Significance of Meiosis

The meiosis process is crucial for all organisms that are reproducing sexually because:

• The production of gametes contributes to maintaining an accurate total number of chromosomes in sexually reproduced organisms.
• It leads to the exchange of genes, resulting in genetic differences between species, through a process called crossing over. This variation plays a role in the evolution process.

Meiosis is a type of eukaryotic cell division, particularly in sexually reproducing animals. It forms four haploid daughter cells. The meiosis occurs in two steps: Meiosis I and meiosis II. It is an important process of gamete formation, maintenance of the number of chromosomes, and gene variation.

Also Read:

• Spermatogeneisis
• Oogeneisis

FAQs on Diagram of Meiosis

1. What is Meiosis?

The process of eukaryotic cell division that forms four haploid cells in a sexually reproducing organism is termed meiosis.

2. What are the Two Main steps of Meiosis?

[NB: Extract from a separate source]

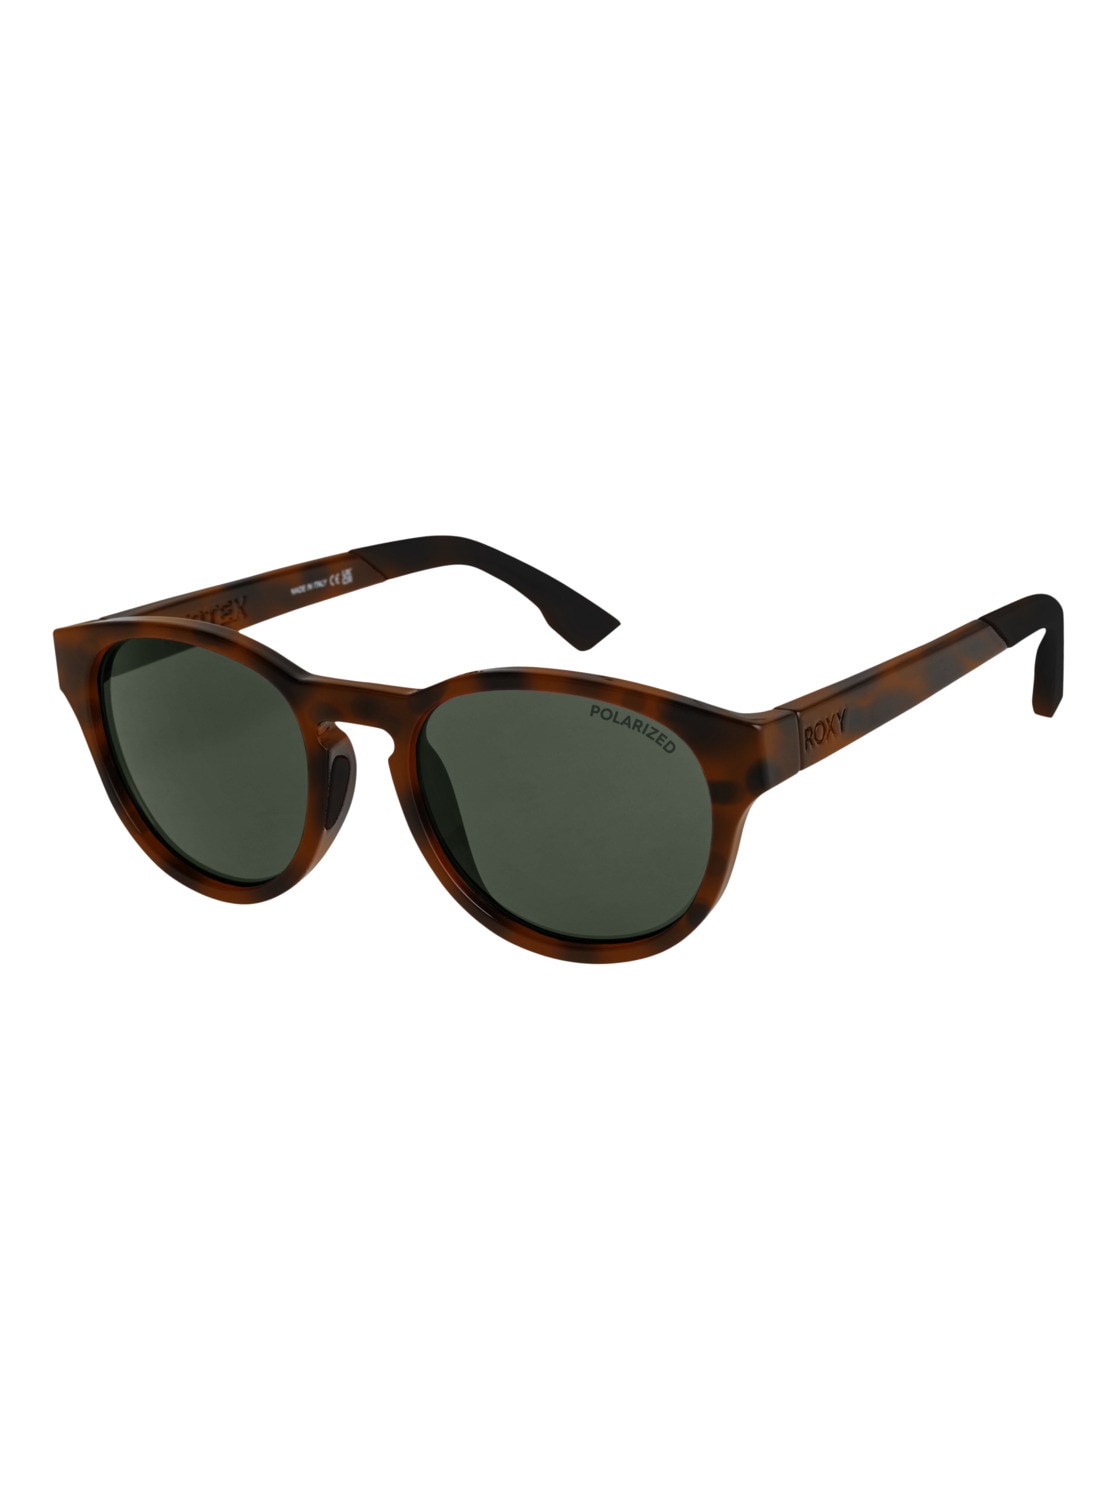 Roxy Sonnenbrille »Vertex P« bei OTTOversand
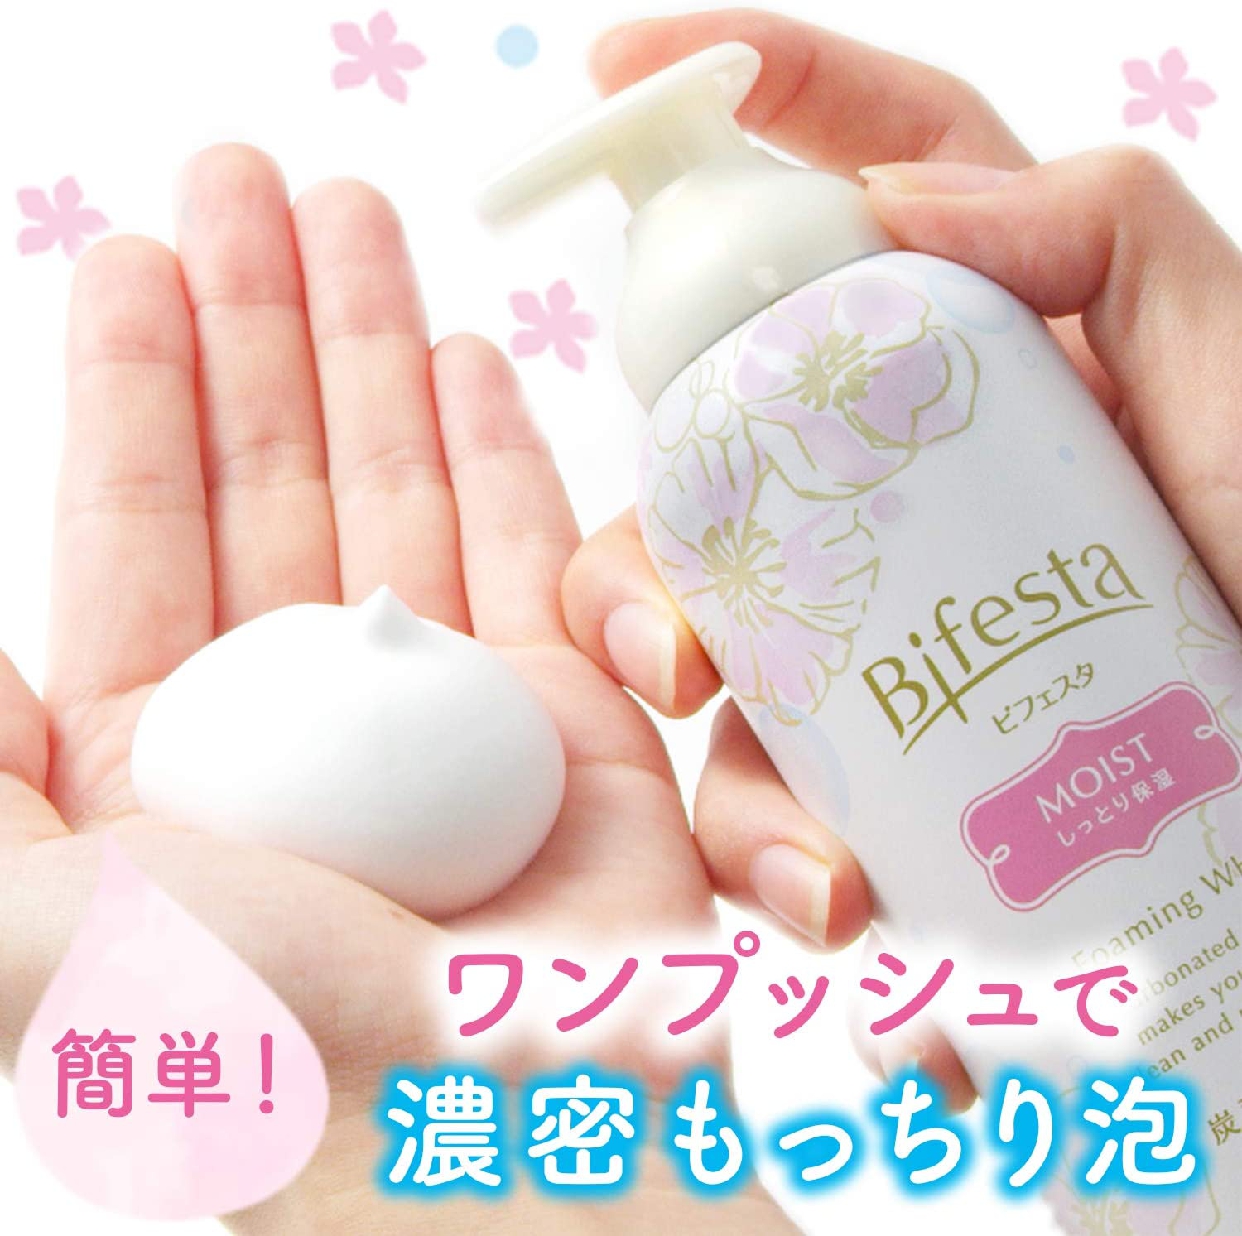 Bifesta(ビフェスタ) 泡洗顔 モイストの商品画像3

Meiosis occurs in two cycles which involve meiosis I and meiosis II. The cell division starts with interphase. Meiosis I and meiosis II each cycle involve Prophase, metaphase, anaphase, telophase, and cytokinesis.

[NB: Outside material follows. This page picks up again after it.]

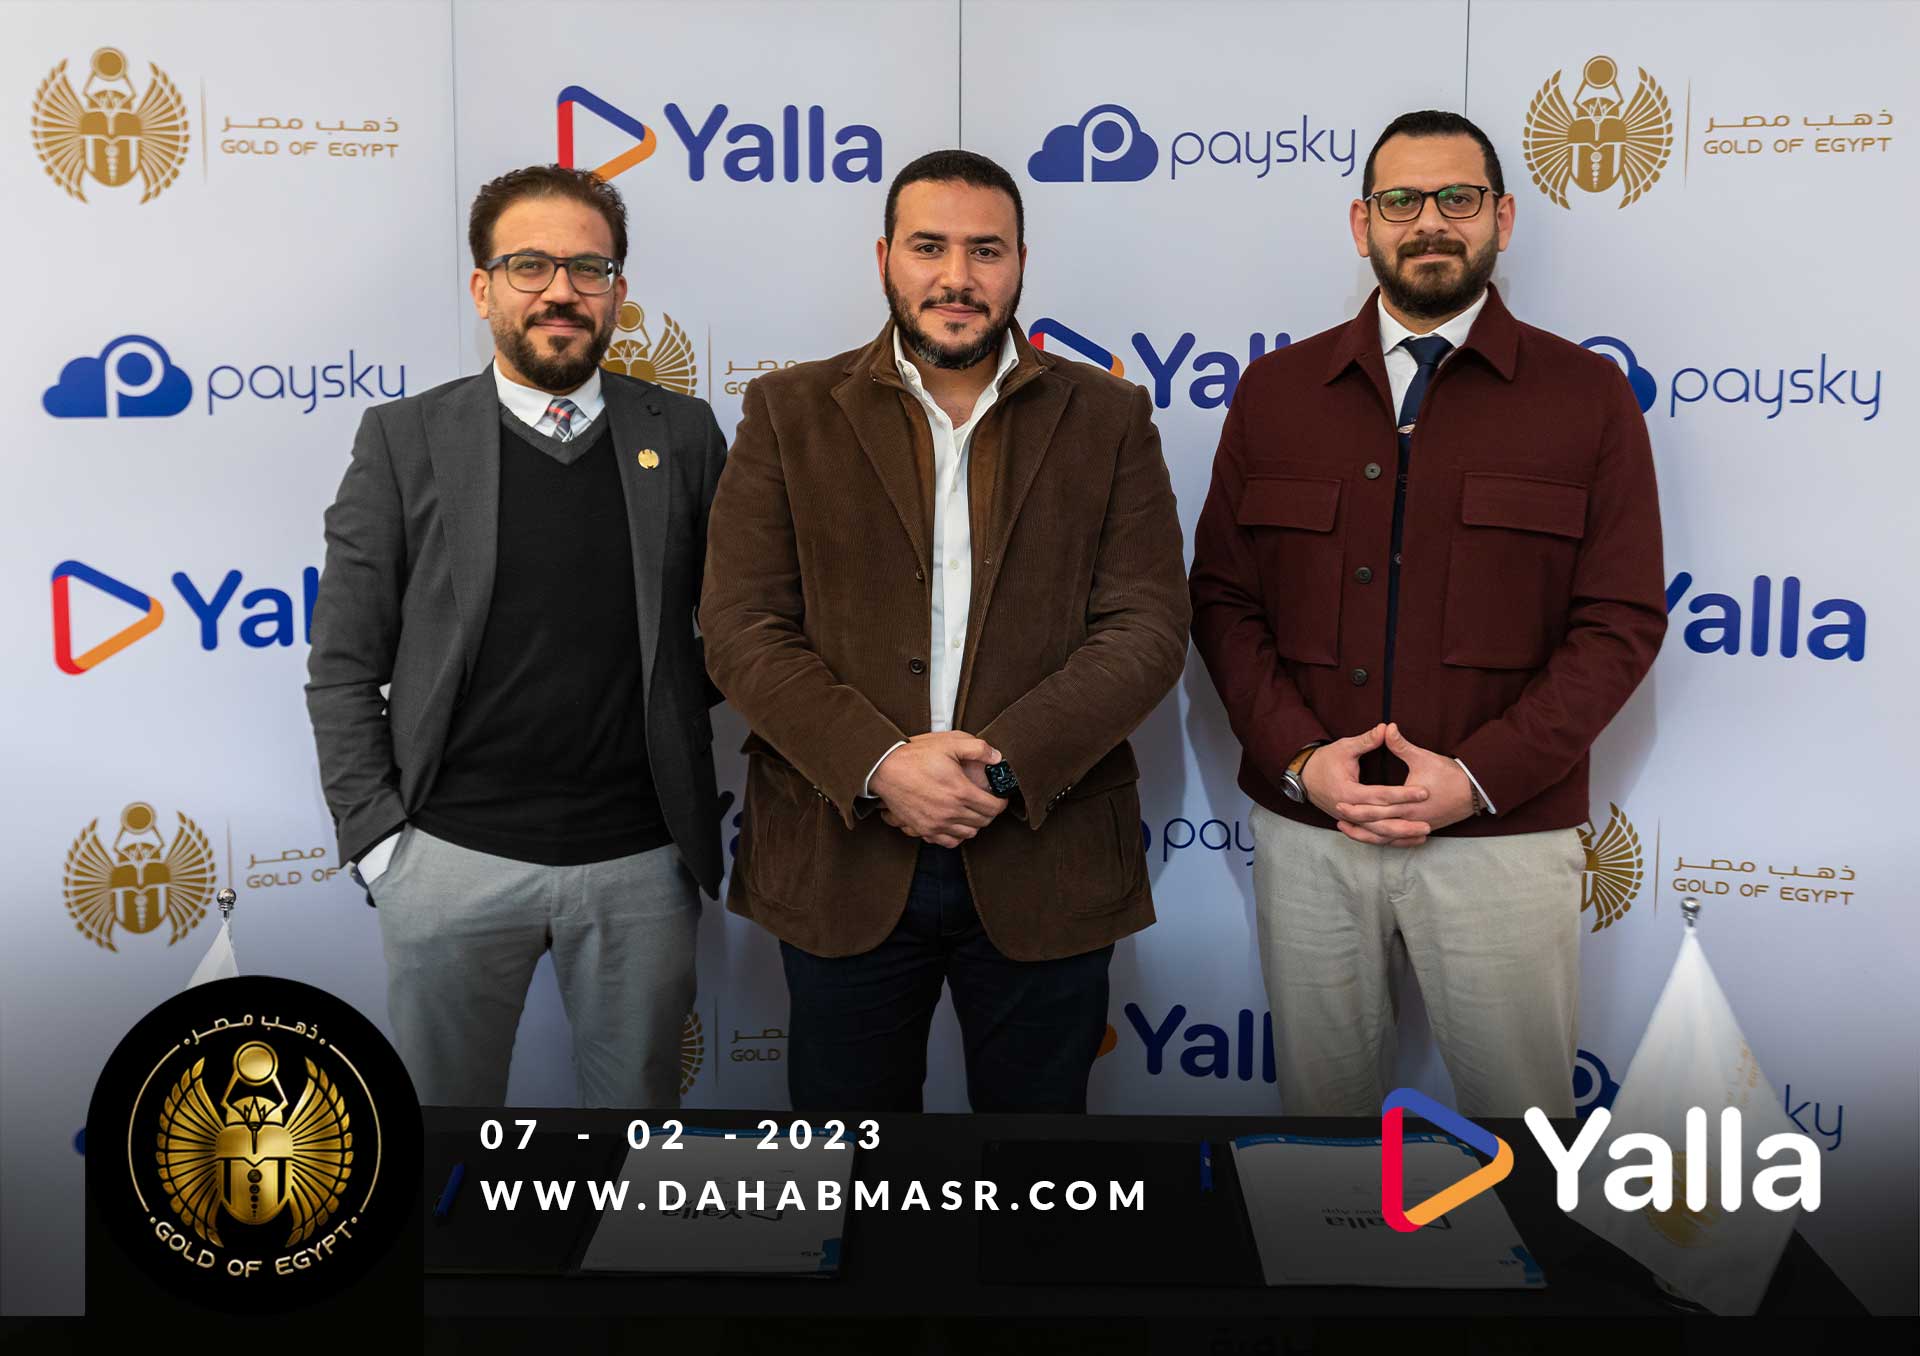 Yalla Press Release

3. Why Meiosis occurs only in Sexually Reproducing Animals?

The main function of meiosis is gamete or sex cell production. Hence, meiosis occurs only in sexually reproducing animals.

4. Meiosis is also known as?

Meiosis is also known as reduction division as it forms four daughter cells with a haploid number of chromosomes than the actual number of chromosomes in the mother cell.